Jim’s role, as a research critical care paramedic, is to coordinate the logistics of  RePHILL (REsuscitation with Pre-HospItaL bLood products), the UK’s first trial in which eligible patients attended to by emergency teams will be recruited and randomly allocated treatment with blood products or standard care.

“Currently some ambulances and air ambulances in the UK give patients blood products at the scene of an incident while others give a saline drip,” said Jim, who has worked for  MAAC for ten years.

“There is currently no robust evidence demonstrating that giving pre-hospital blood products is beneficial and, of course, there are significant clinical, logistical and financial consequences to giving all patients this treatment.”

Jim’s first challenge is to coordinate the recruitment of 25 patients for the pilot phase of the study, which is being led by Dr Nicholas Crombie, consultant trauma anaesthetist at University Hospitals Birmingham NHS Foundation Trust and a doctor with MAAC, and Gavin Perkins, Professor of Critical Care Medicine at the University of Warwick and a consultant at Heart of England NHS Foundation Trust.

“Anyone who is suspected to be actively bleeding as the result of a traumatic injury, is over the age of 16 and not pregnant can be included in the trial,” explained Jim.

“The blood products we will be using will be a combination of O-negative blood (the universal group which can be given to anyone) and freeze-dried plasma. We will, of course, ensure that people who may not wish to receive blood products, such as Jehovah’s Witnesses, are identified and specifically excluded from the trial.”

Jim, who lives in Malvern with his wife Bernice, loves his job as a Midlands Air Ambulance Charity flight paramedic, having retrained after working as a baker.
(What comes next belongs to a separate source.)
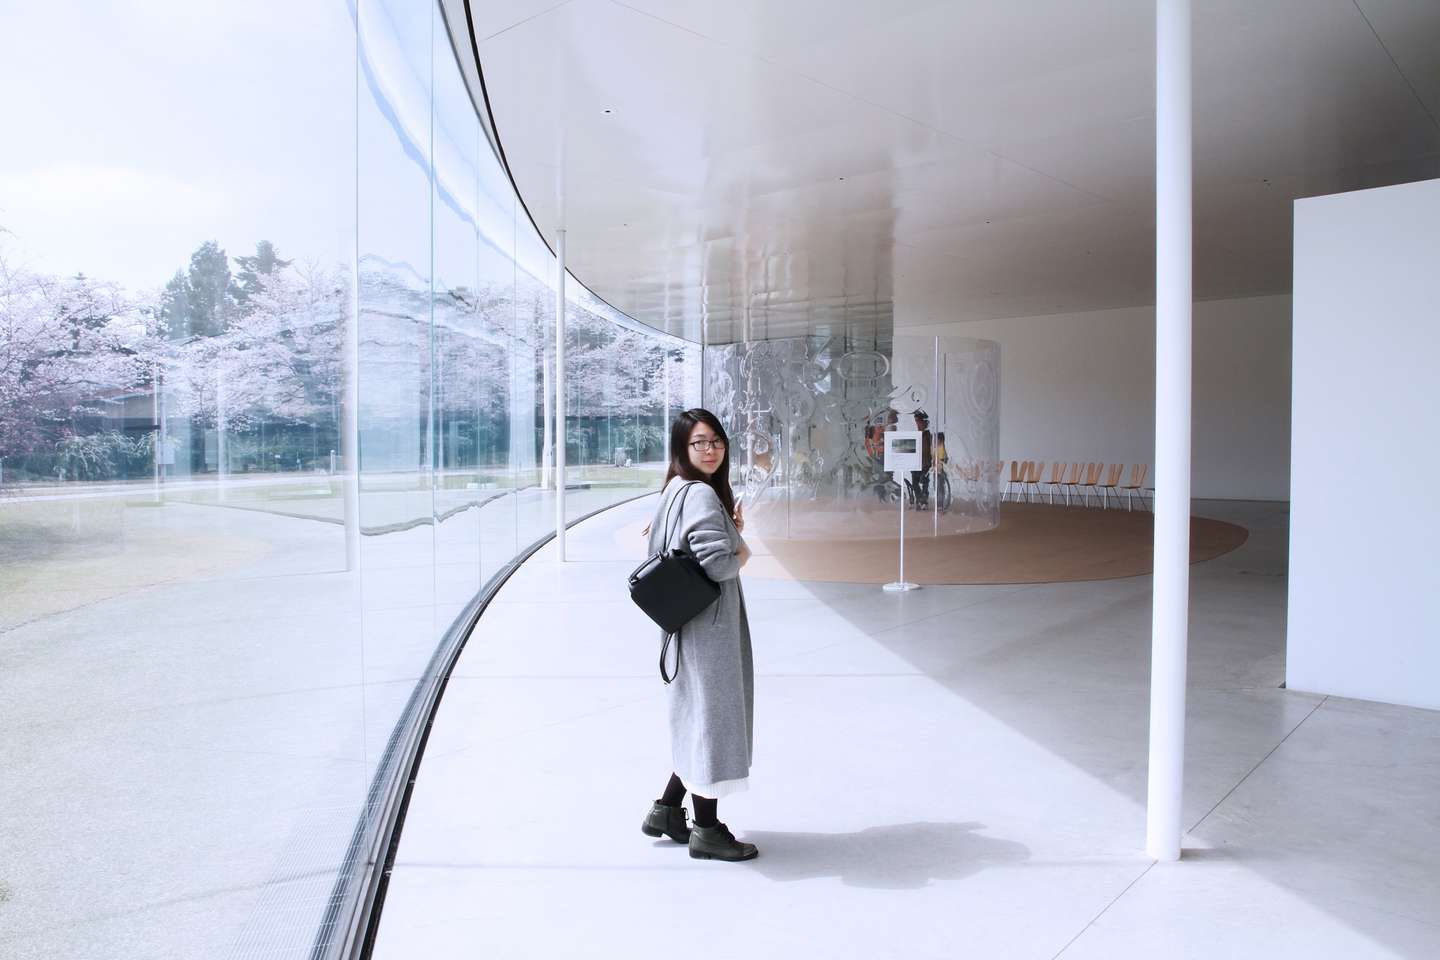 日本建筑控 金泽21世纪美术馆 知乎

“I am doing my dream job. I never tire of flying in a helicopter and I am proud to now also be working with the SRMRC research team on RePHILL. Being part of a trial which could change NHS practice is very exciting.”

When not at work Jim is studying for a master’s degree in advanced critical care practice and is also a keen triathlete.

“As a flight paramedic, it’s really important to keep fit. The three elements of triathlon really help and it’s a great way to wind down after a busy day. I love the social side of the sport too, stopping for coffee, cake and a chat on a long cycle ride with my local triathlon club makes it all worthwhile!”

The SRMRC team are working with colleagues from the Queen Elizabeth Hospital Birmingham, University of Birmingham, University of Warwick, Midlands Air Ambulance Charity, West Midlands Ambulance Service, East Anglia Air Ambulance, Essex and Herts Air Ambulance, MAGPAS Helimedix, The Air Ambulance Service and the NHS Blood and Transplant Service.

The trial is being managed by the University of Birmingham Clinical Trials Unit (BCTU), a UK Clinical Research Collaboration (UKCRC) registered trials unit with experience in co-ordinating large scale multi-centre clinical trials.